- GIVEN INFORMATION:
========
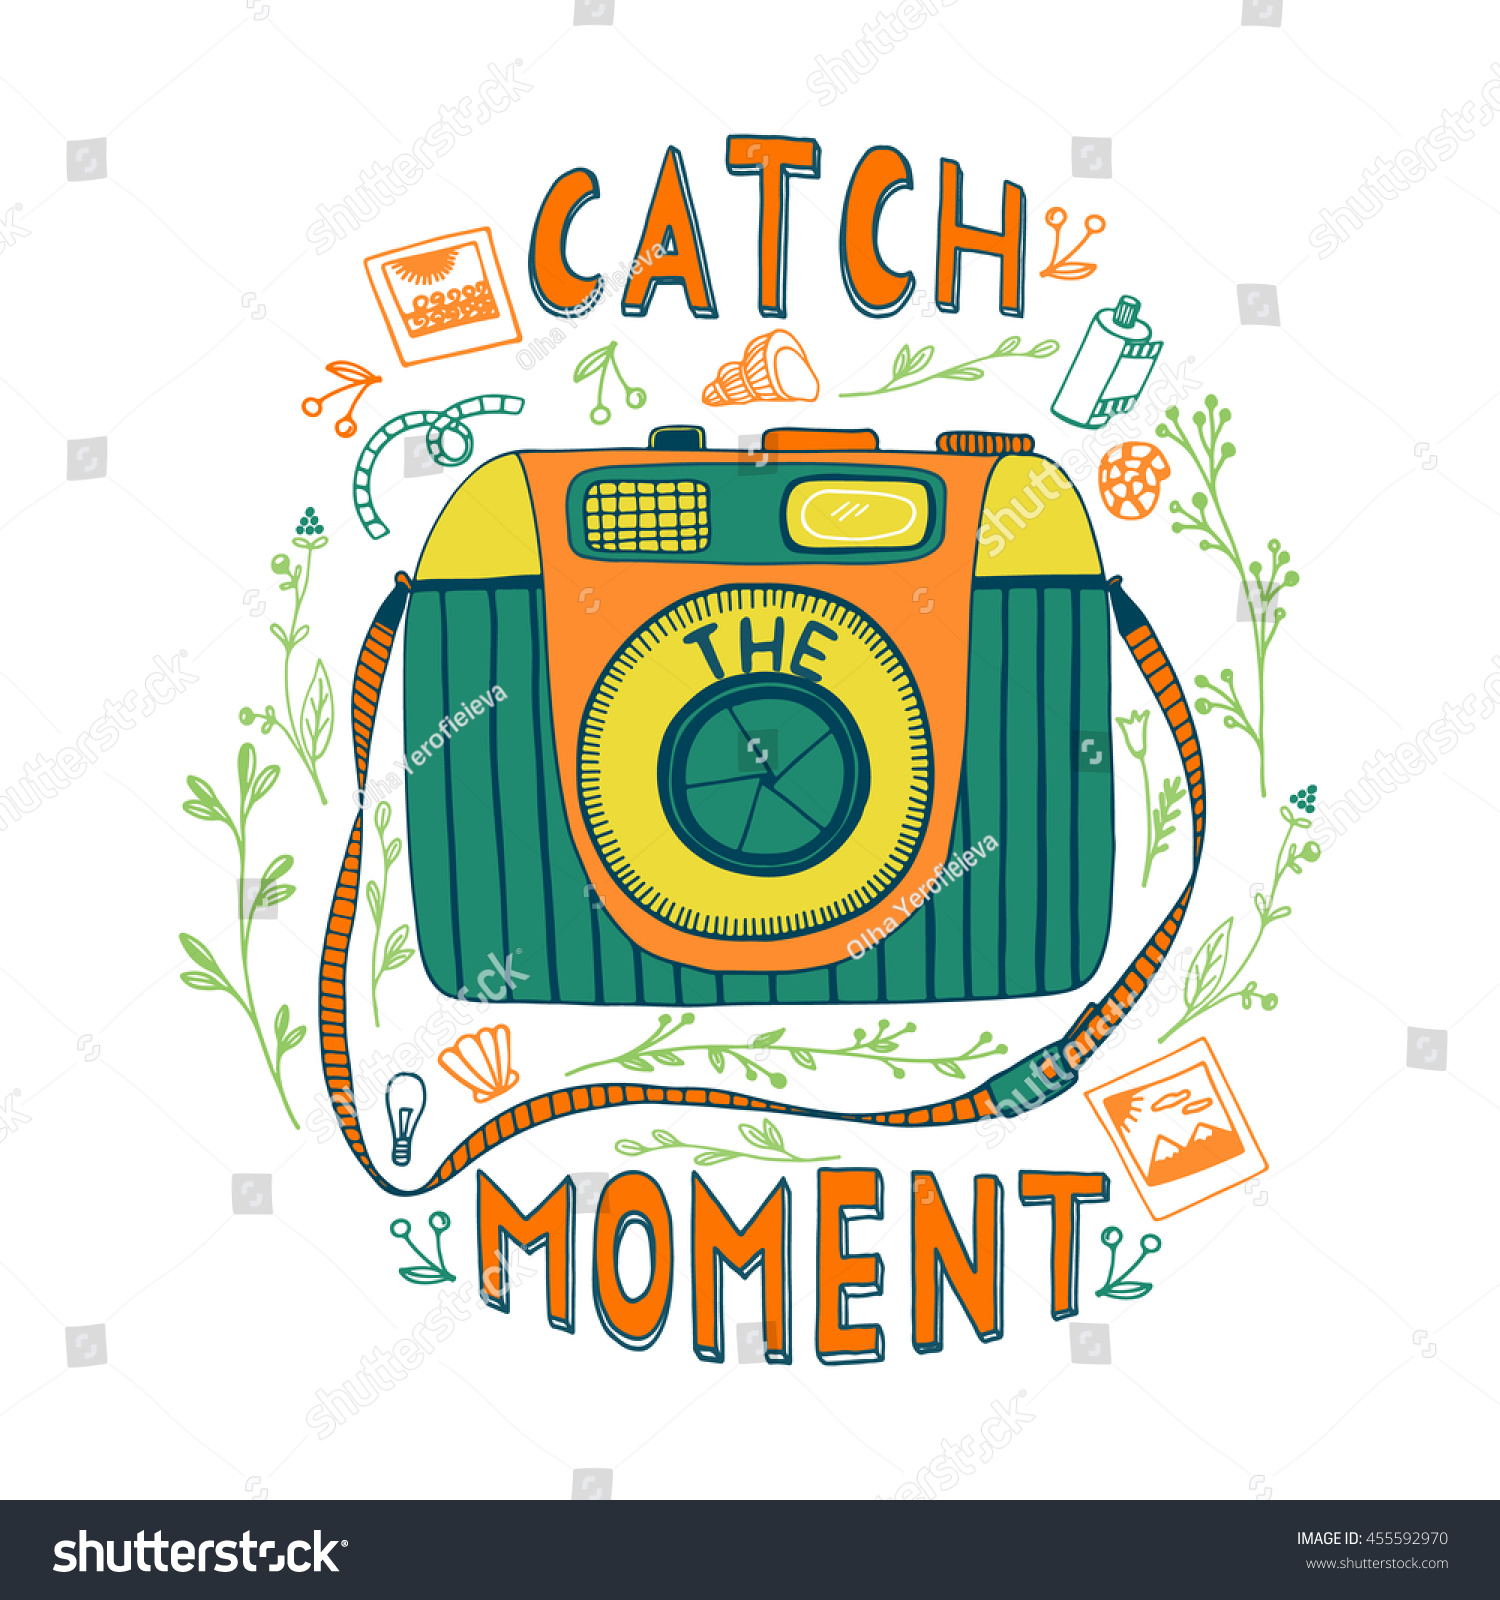 Catch Moment Motivational Quote Hand Drawn Stock Vector Royalty Free
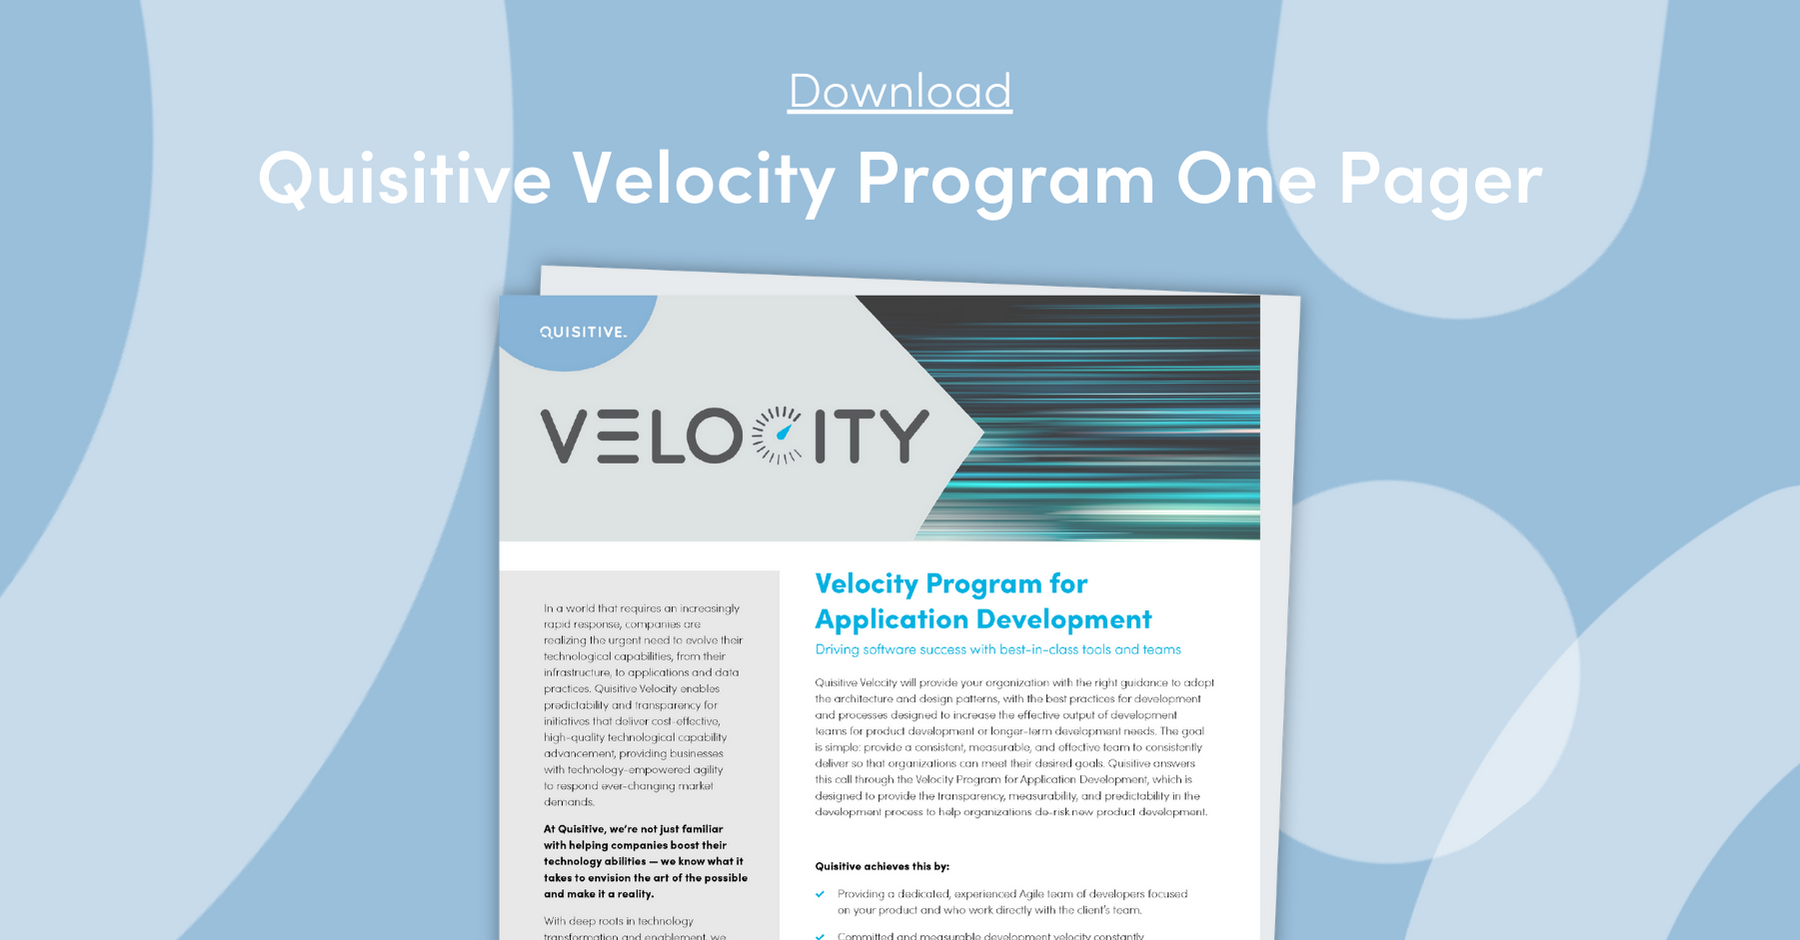 Quisitive Velocity Program One Pager Feature Image
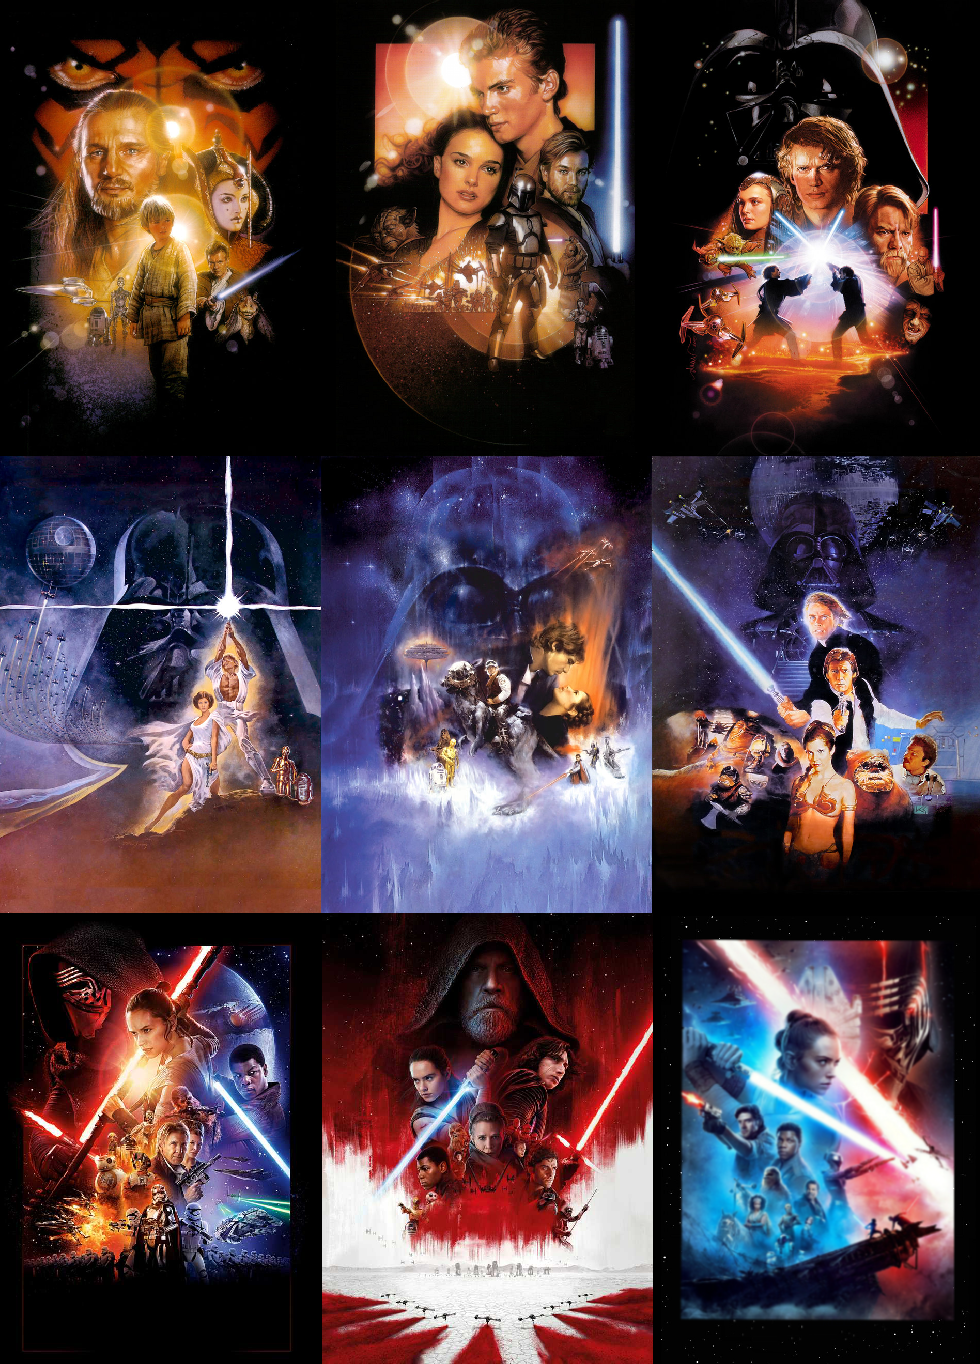 star wars wallpaper border, poster, art, collage, graphic design, movie, cg artwork, photography, album cover, fictional character, graphics
========
- EXERCISE DIRECTIONS: Return the whole listing, word for word, and leave out every picture.

- ANSWER SECTION:
 Catch Moment Motivational Quote Hand Drawn Stock Vector Royalty Free
 Quisitive Velocity Program One Pager Feature Image
 star wars wallpaper border, poster, art, collage, graphic design, movie, cg artwork, photography, album cover, fictional character, graphics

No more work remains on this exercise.